На губах редактора появилась мстительная улыбка.
— Мы уже, кажется, обсуждали эту тему в моем кабинете. Помните? Так вот, повторю ещё разок: Отт убедил Винсона выставить меня из «Монарха» или, по меньшей мере, отстранить от работы над книгами Чайлдресса. Однако это я бы ещё стерпел, но когда, войдя в «Каули», я услышал его оскорбительный возглас, прозвучавший на весь бар, я уже не сдержался. Это паразит заявил, что я пытаюсь утопить в вине свою нечистую совесть. А потом недвусмысленно намекнул, что я убил Чайлдресса в отместку за свой… скажем, вынужденный уход из «Монарха». Я прошагал к нему, потребовал, чтобы он встал, и от души вмазал по его сальной роже, так что он шлёпнулся на пол как мешок дерьма. Тут его жена принялась вопить как недорезанная свинья, а меня попросили уйти и больше туда не возвращаться. Вот и всё, на этом веселье закончилось.

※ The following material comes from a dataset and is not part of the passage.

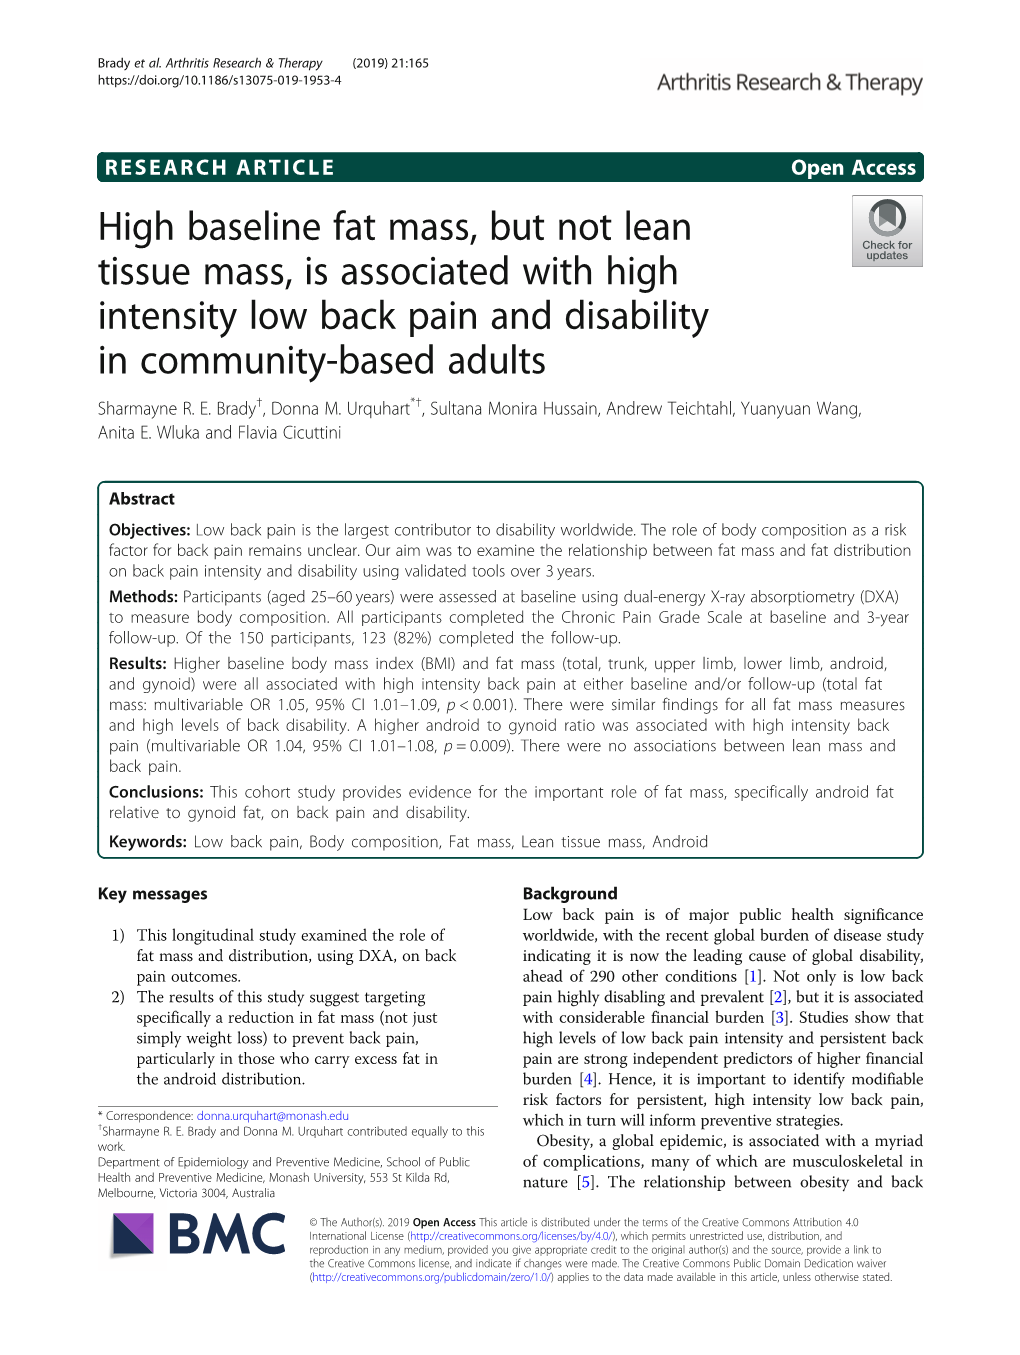 High Baseline Fat Mass, but Not Lean Tissue Mass, Is Associated with High Intensity Low Back Pain and Disability in Community-Based Adults Sharmayne R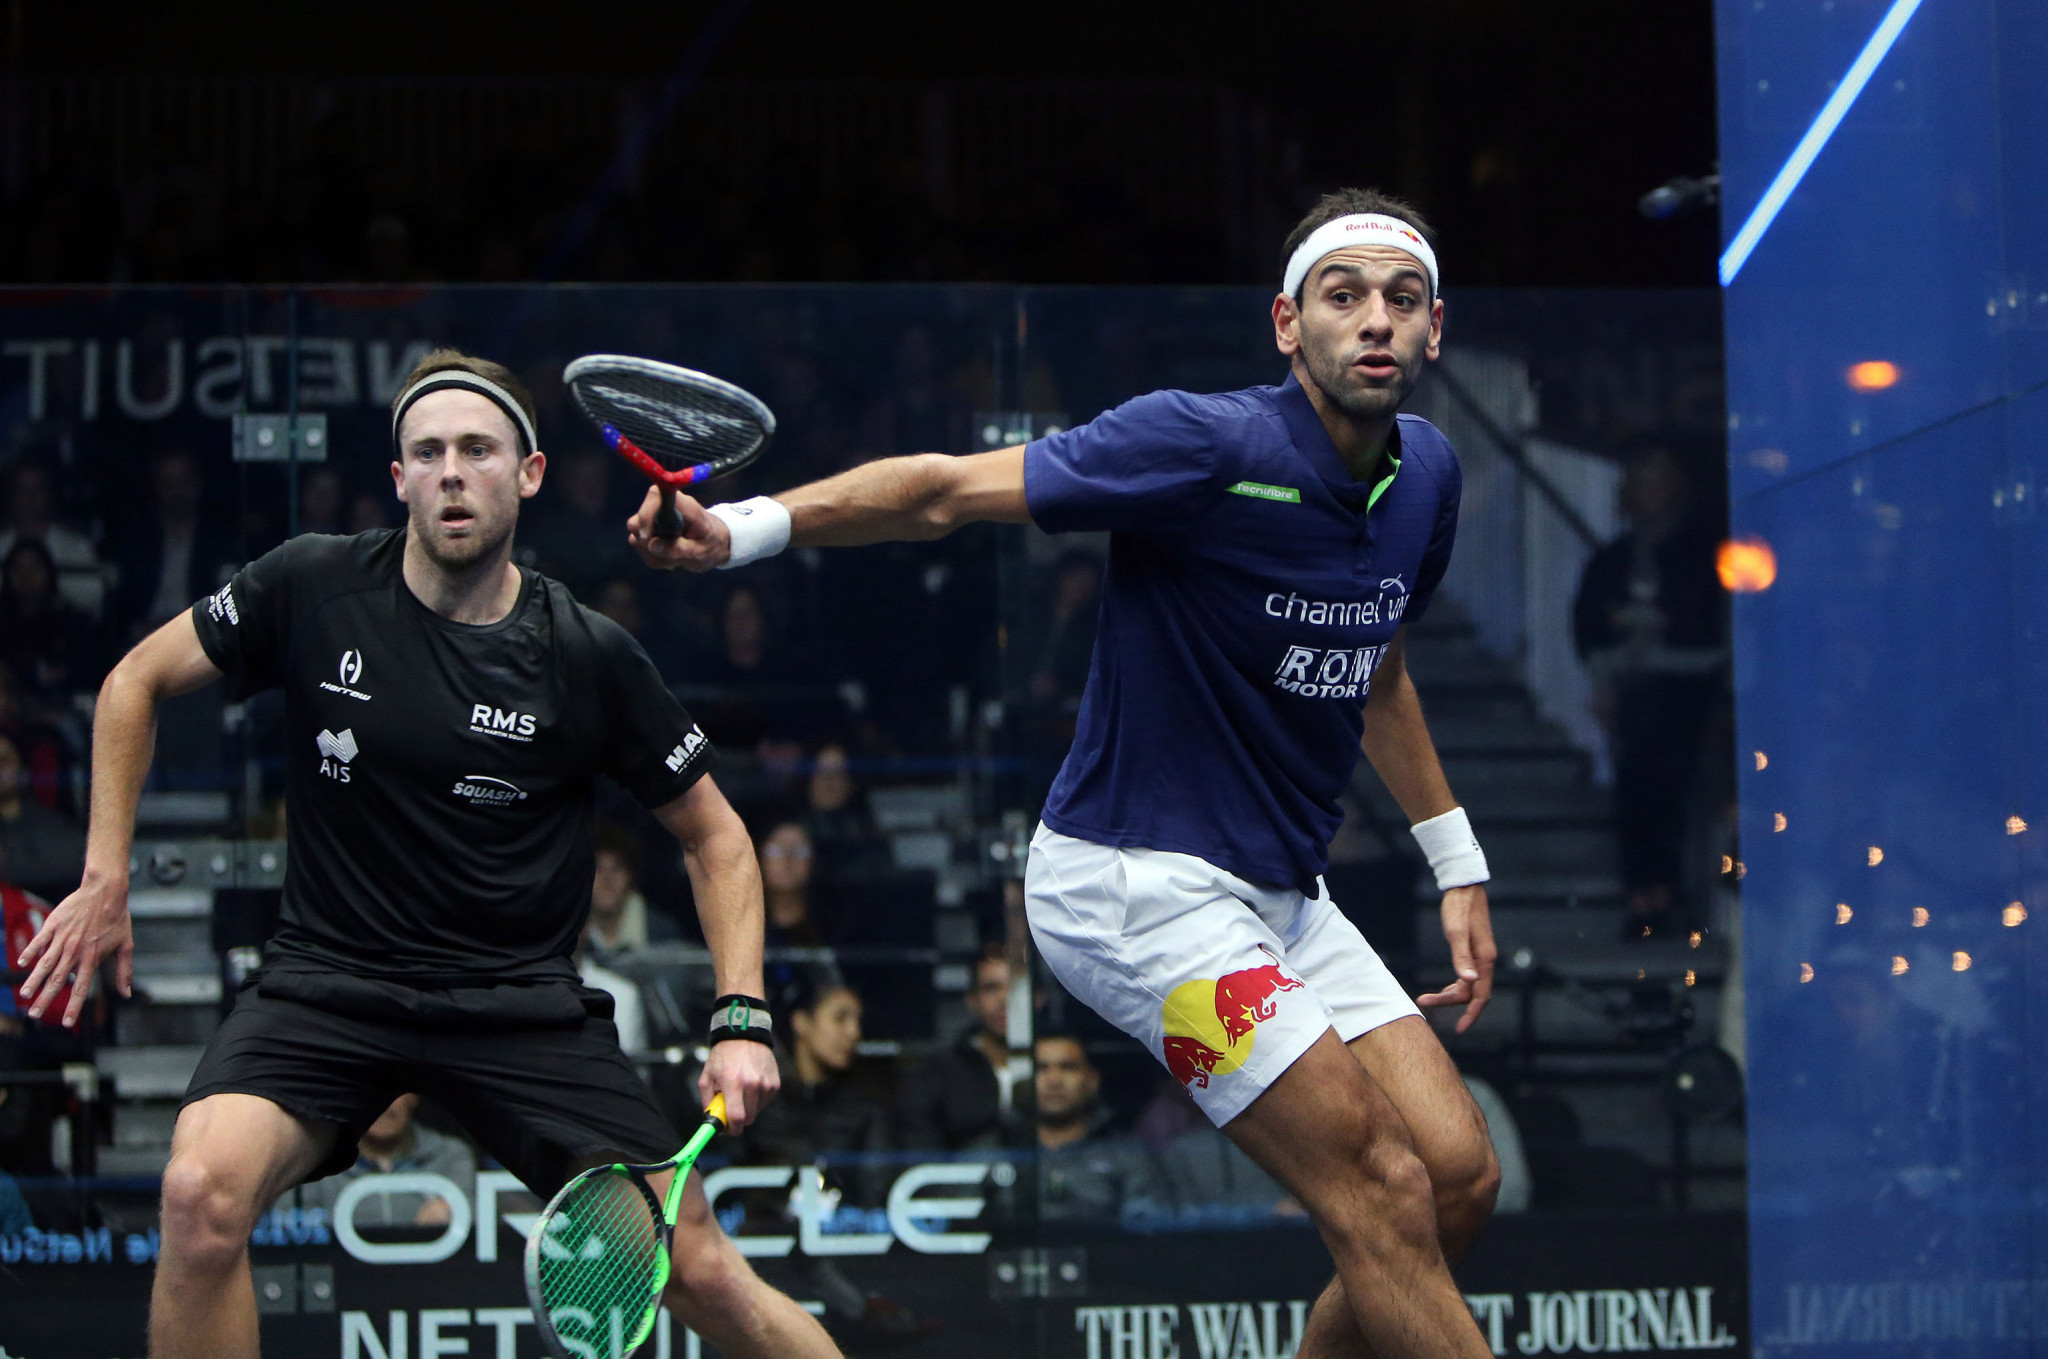 Mohamed ElShorbagy is through to the last four after defeating Australia's Ryan Cuskelly in straight games ©PSA

Биллингс для вящей убедительности хлопнул в ладоши и, откинувшись на подушки, зевнул во всю пасть.
— Во время нашей прошлой встречи вы, по вашим словам, не верили, что Чайлдресса убили. Вы по-прежнему не изменили своего мнения? — спросил я.
Его взгляд скользнул по книжным полкам, двухфутовой кипе сложенных в углу газет, телевизору с запылённым экраном и лишь потом остановился на мне.
— Забавно всё-таки, — произнес он, уставившись в потолок. — Не зайди я в четверг вечером в бар «Каули» и не пропусти перед этим несколько стаканчиков водки, я бы до сих пор был убеждён, что Чарльз Несноснейший сам вышиб себе мозги.
— А что заставило вас передумать? Биллингс закатил глаза.
— Господи, можно подумать, что вы сами не понимаете! Мне всегда казалось, что частные сыщики должны быстрее соображать. Тем более, что вы у самого Ниро Холмса-Вульфа служите. Неужто вы до сих пор не набрели на мало-мальски приличную улику?
— Возможно.
— Ну вы даёте, — ухмыльнулся Биллингс. — А теперь пораскиньте мозгами: я вхожу в «Каули», а тихоня Отт, который никогда прежде и не здоровался со мной, вдруг ни с того, ни с сего набрасывается на меня, едва ли не в открытую обвиняя в расправе над Чайлдрессом. Абсолютно не похоже на него. Это ни о чем вам не говорит?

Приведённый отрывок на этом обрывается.